Correlation with a constant I am trying to get the correlation between 2 variables, given a set of data.
Once in a while, in the given data set,When one of the variables has a constant value, since the standard deviation of that variable is zero, I get an NA value for the correlation. (In R).
I would like to assign a value for the correlation in these scenarios explicitly or try to get some value through alternate means, so that I am able to compare this point with other times I compute the correlation.
How do I go about it?
(1) Should I add some noise to that variable and compute the correlation again. Would that be a meaningful thing to do? 
 A: Questions about how to do things in R (or any language) are off-topic here, but you also have a statistical question, i.e.

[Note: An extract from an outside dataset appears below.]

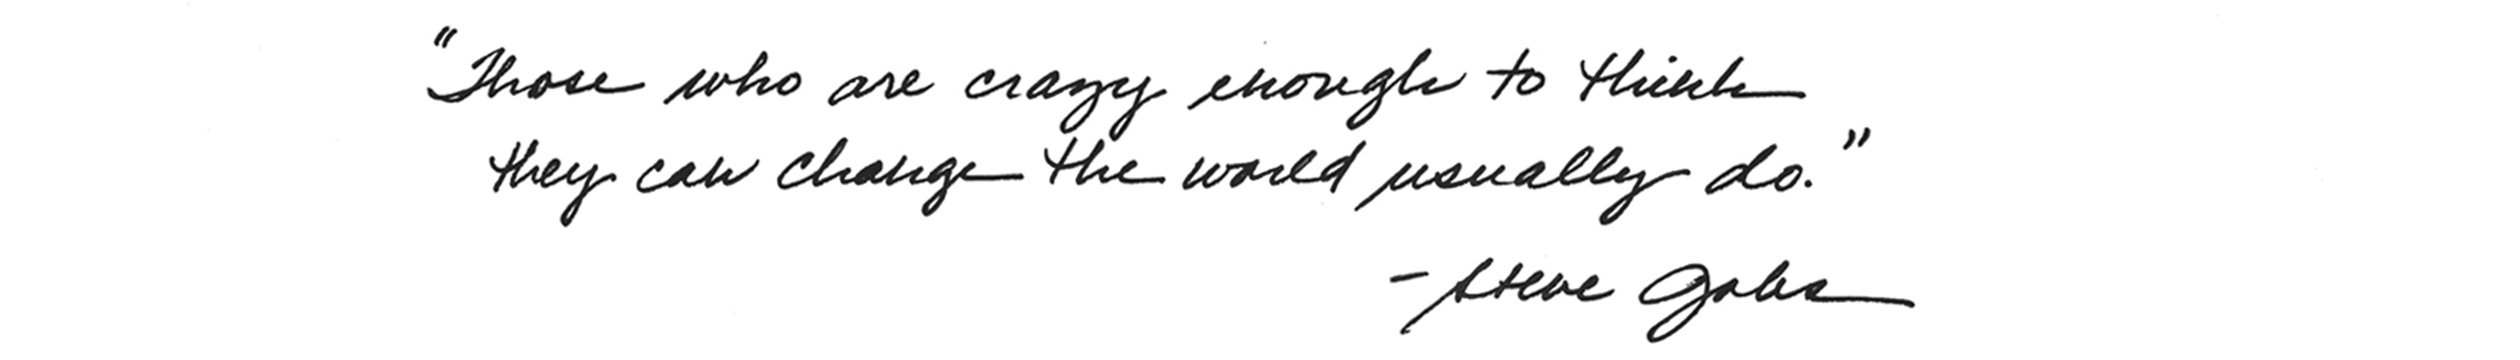 Stillness-Fiji-Steve-Jobs-quote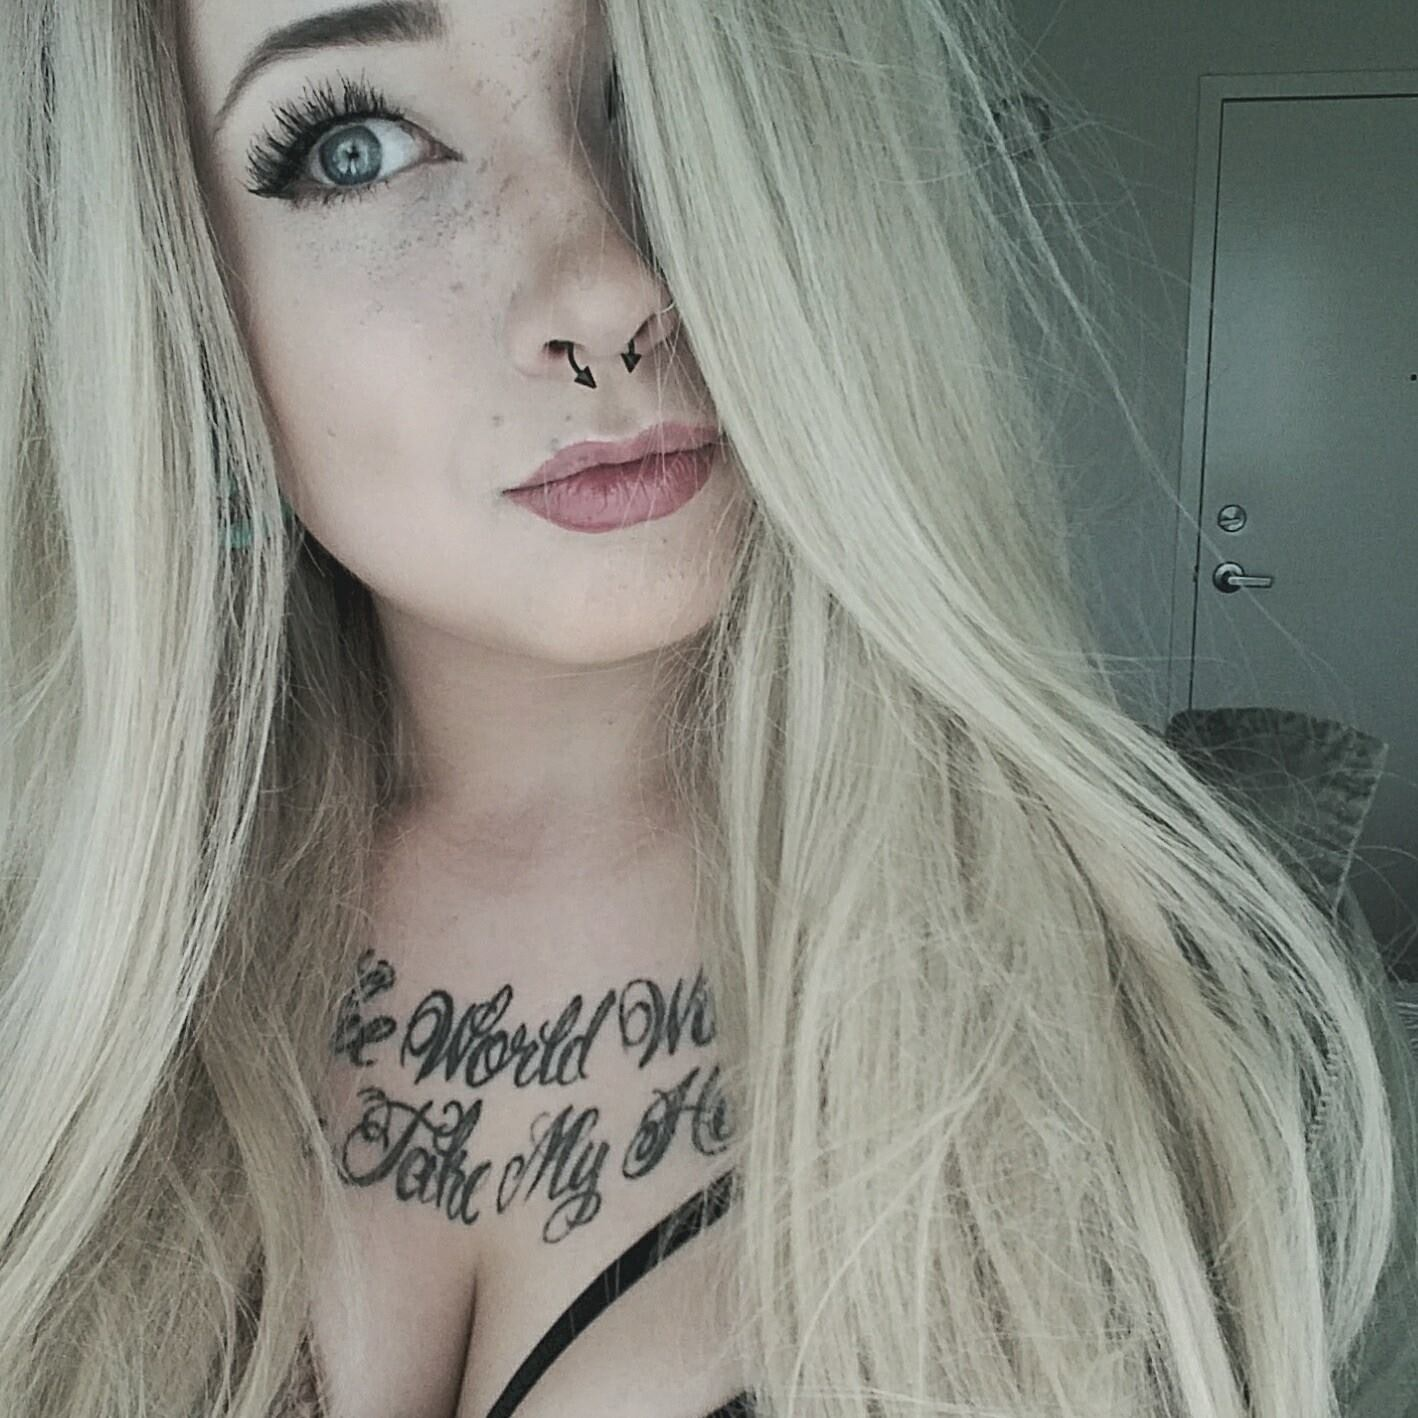 Shayna P.

What is a reasonable value for the correlation between two variables
  when one variable is constant?

You suggest adding some noise to the variable.  If you are going to do that, then you might as well simply say that the correlation is 0. 
The trouble is that you really don't have any idea what the correlation should be - it could be anything from -1 to 1. That's why R gives NA.  So, there is no really reasonable thing to do except to say that "we have no information" and not compare it to other values.

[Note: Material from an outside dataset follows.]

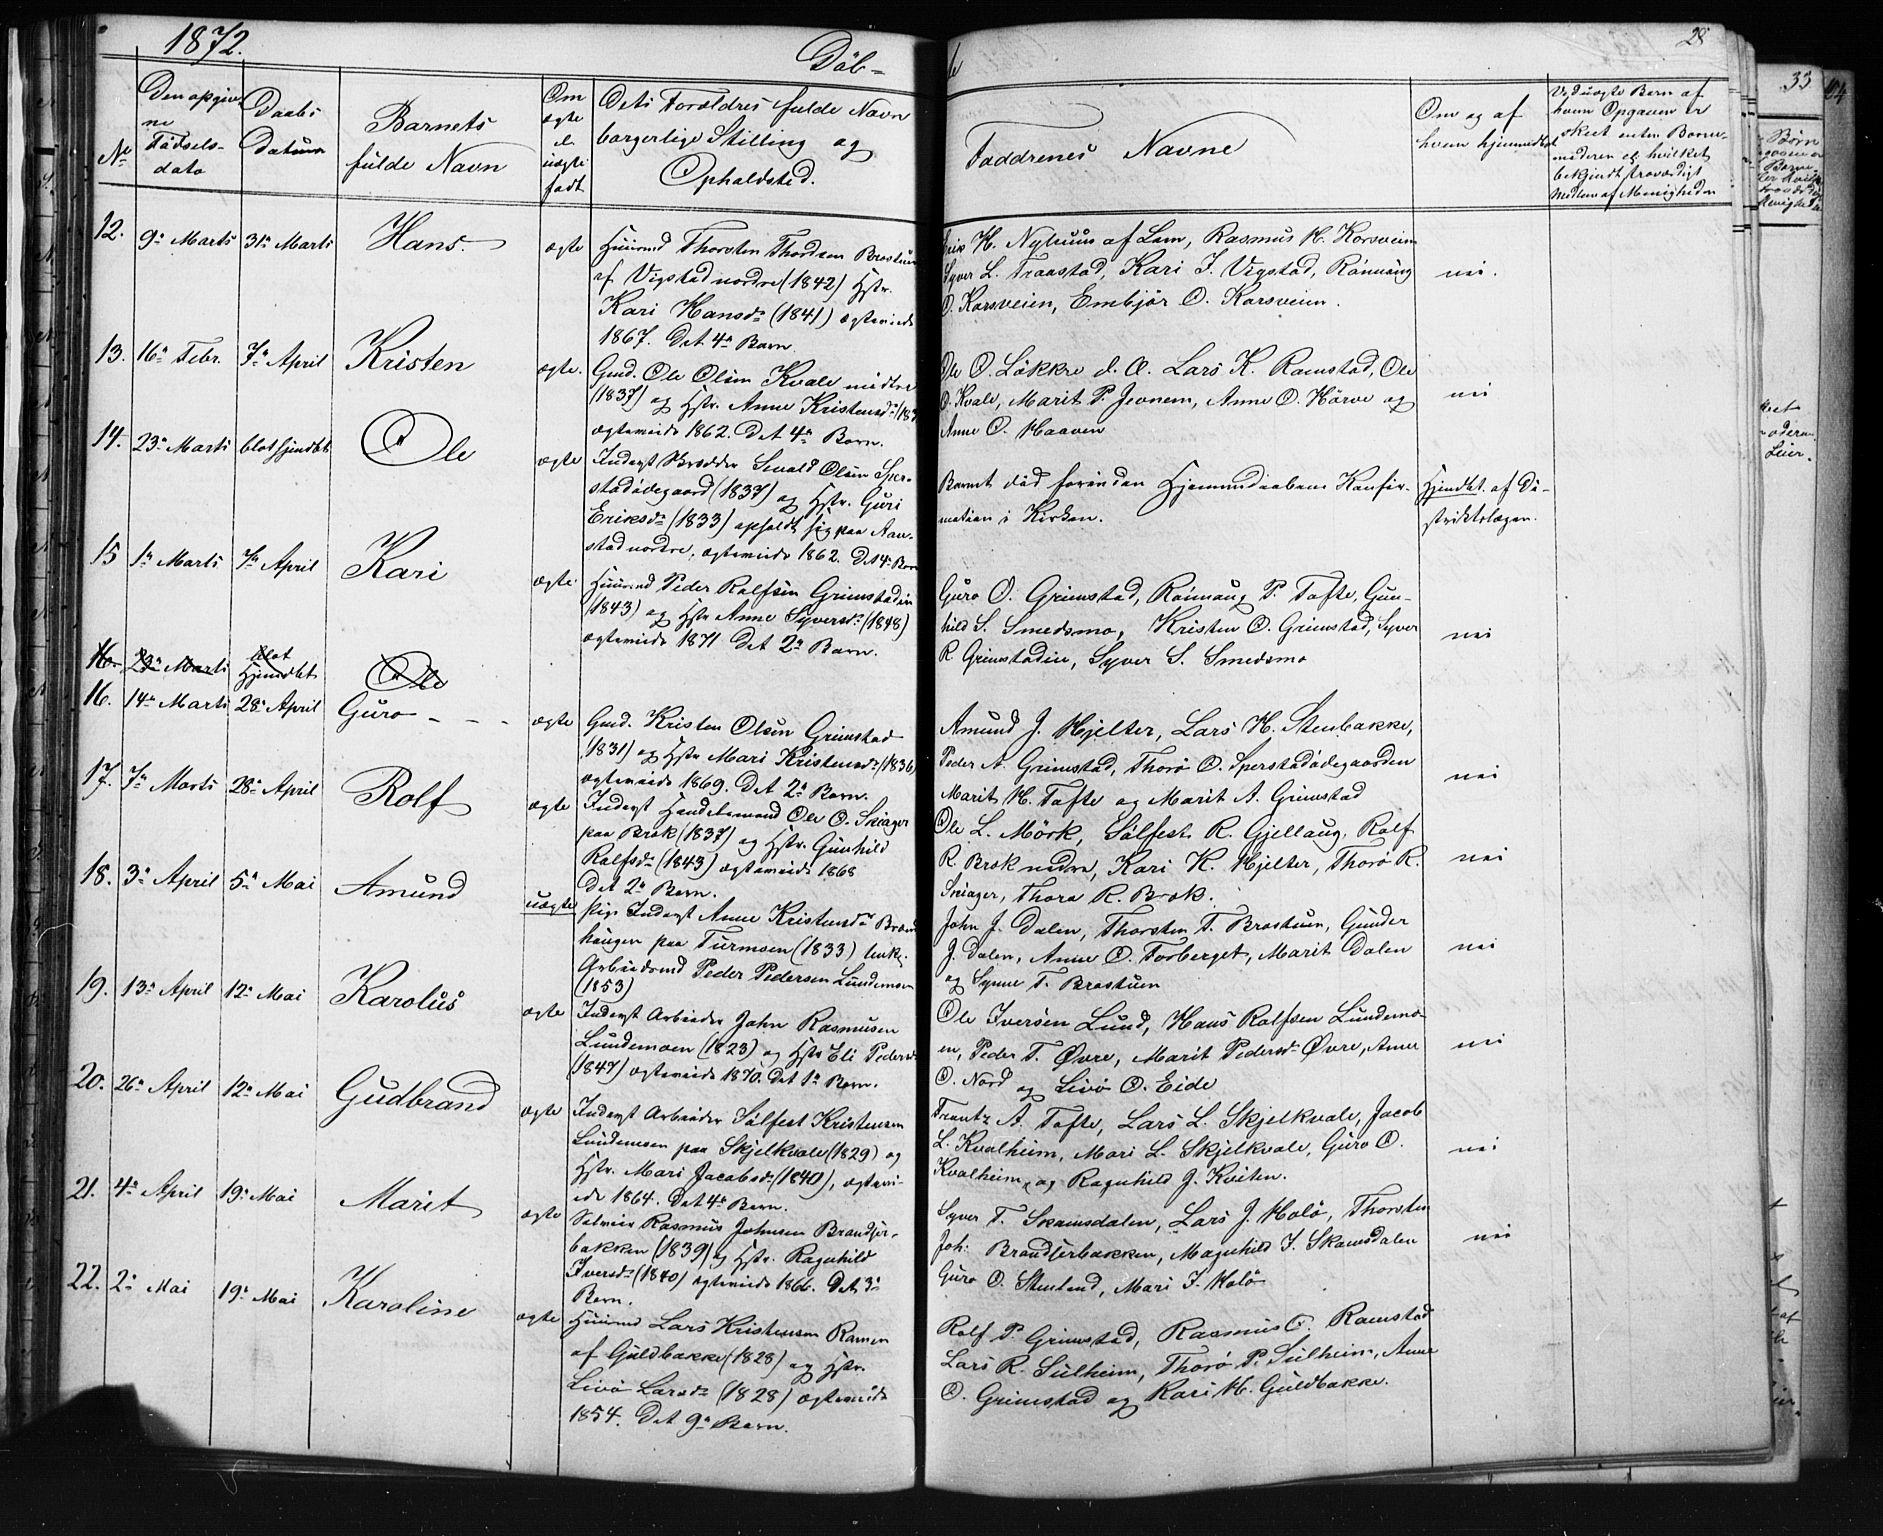 SAH, Skjåk prestekontor, Klokkerbok nr. 1, 1865-1893, s. 28

A: Recall that correlation is defined as 
$$ \rho_{X,Y}= \frac{\sigma(X,Y)}{\sigma_X \sigma_Y} $$
This means that if one of your "variables" is constant, then it is not a variable, it has variance equal to zero and so, it's correlation with anything is undefined (since you are dividing by zero). 
Standard deviation of variable $X$ plus constant $c$ is the same as standard deviation of $X$
$$ \sigma(X + c) = \sigma(X) $$
the same for covariance
$$ \sigma(X + c, Y) = \sigma(X, Y) $$
so adding noise to your constant "variable" would result with measuring correlation of your noise with some other variable (your "variable" is $c$ and noise is $X$). 
On another hand, covariance of random variable with constant is zero
$$ \sigma(Y, c) = 0 $$
and constant random variable is independent of any other random variable. So if you really need to re-define correlation for such case then the best choice would be $0$. Notice however that, as noted by Nick Cox in the comment below, this does not solve any of your problems.
The basic problem with constant random variable is that it is independent of everything else and it will not change anything about your analysis. Because of this, many software packages would return errors when using constant variables, or drop them automatically from your analysis. This is what R does and such behavior is consistent with the definition of correlation.